The two little ladies smiled without the least resentment, for they had long known that the varying angle of their caps was a source of great amusement to their large army of nephews and nieces, who stoutly maintained that when Aunt Jane’s cap slipped awry, Aunt Mary’s quickly did the same of its own accord, and vice versa, and therefore, it was more often the cap’s fault than the owner’s.

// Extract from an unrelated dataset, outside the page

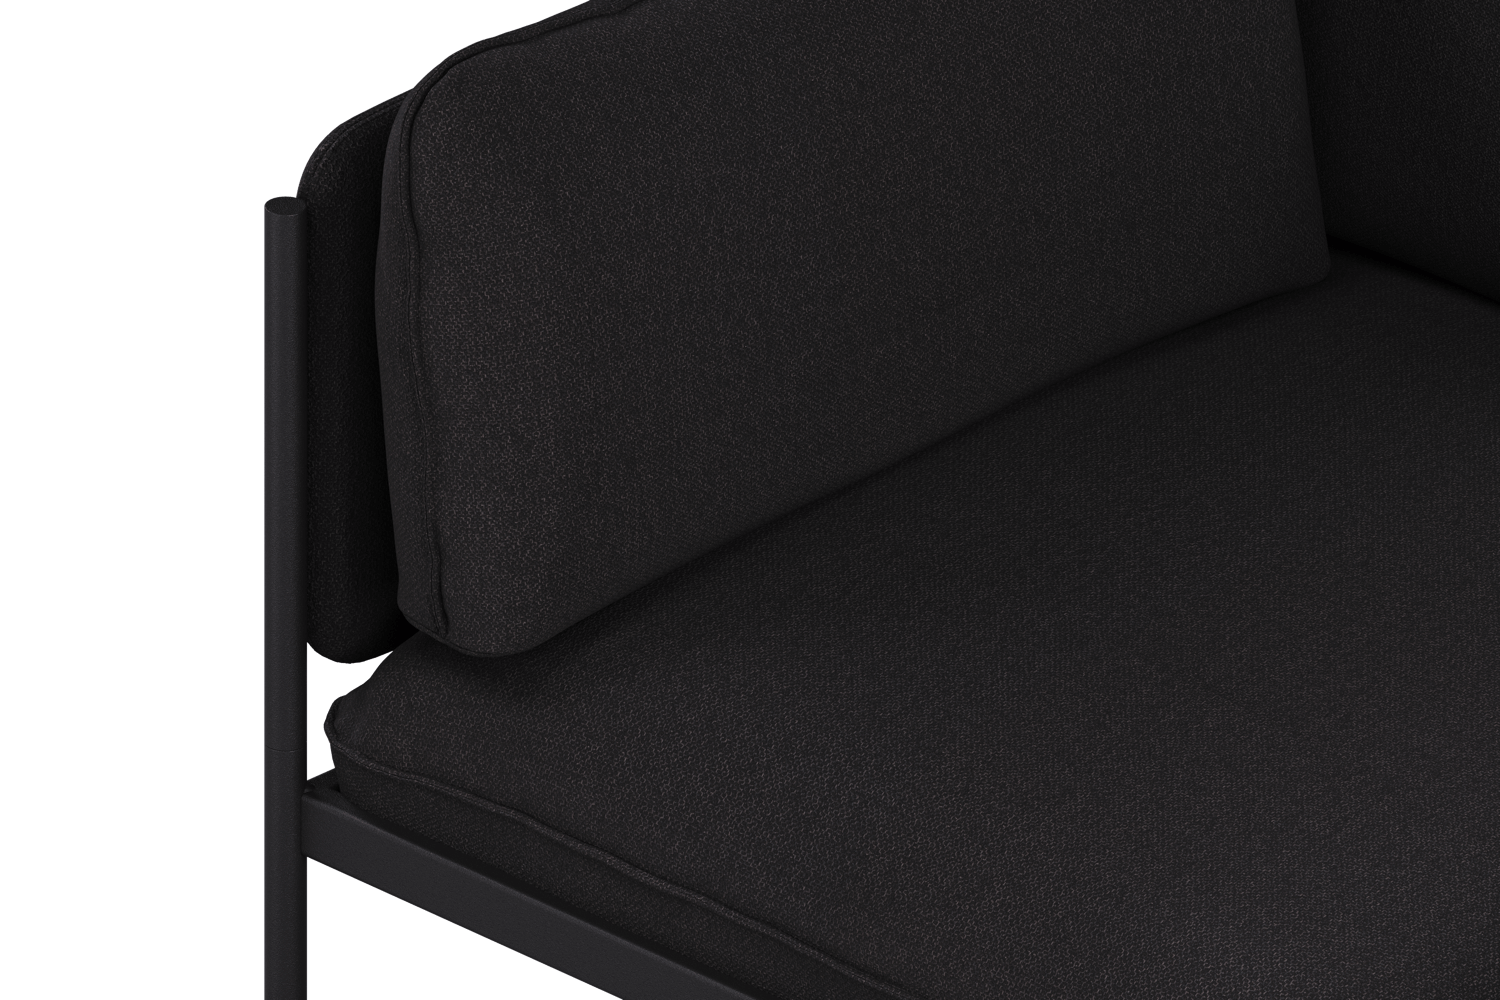 Toom Modular Sofa 4-Sitzer Konfiguration 2a in Graphite Black  präsentiert im Onlineshop von KAQTU Design AG. 4er Sofa ist von Noo.ma

Jack, however, stood up promptly, and pulling himself to his full height, said, with a whimsical recollection of childhood, “Shall I be a man, aunties, and spank her?” This highly amused both little ladies, as it reminded them of a little mischievous girl who had pushed over her sister on purpose, and a sturdy, blue-eyed boy, who had promptly asked with a fiery resoluteness of purpose, “Shall I be a man, aunties, and spank her?” It was memorable also how disappointed he had been when told that “being a man” never meant spanking little girls at all, even when they were mischievous.

He would, doubtless, not have waited for any verdict on the present occasion, only just then the hearty old General entered the room, and Paddy, the father’s darling, flew to him for protection. A general chattering and laughing ensued, and, presently seeing her opportunity, Eileen rose from her seat in the window, and with a curious subdued glow in her wonderful eyes glided silently from the room.

A few minutes later she was pulsing up the mountain with a free, eager step that not only proclaimed her an experienced climber, but bespoke a deep delight in thus climbing to the upland solitudes alone.

“I say, daddy,” Paddy was saying, “isn’t it ripping, we’re going to have a man-about-town here! The real, genuine thing, you know, eyeglass and all, and as blasé as they’re made. Won’t Jack look like a countrified Irish lout with bats in his belfry!”

The General said afterward, it was nearly as good as a bit of Tipperary’s extra-special, best Orangemen night.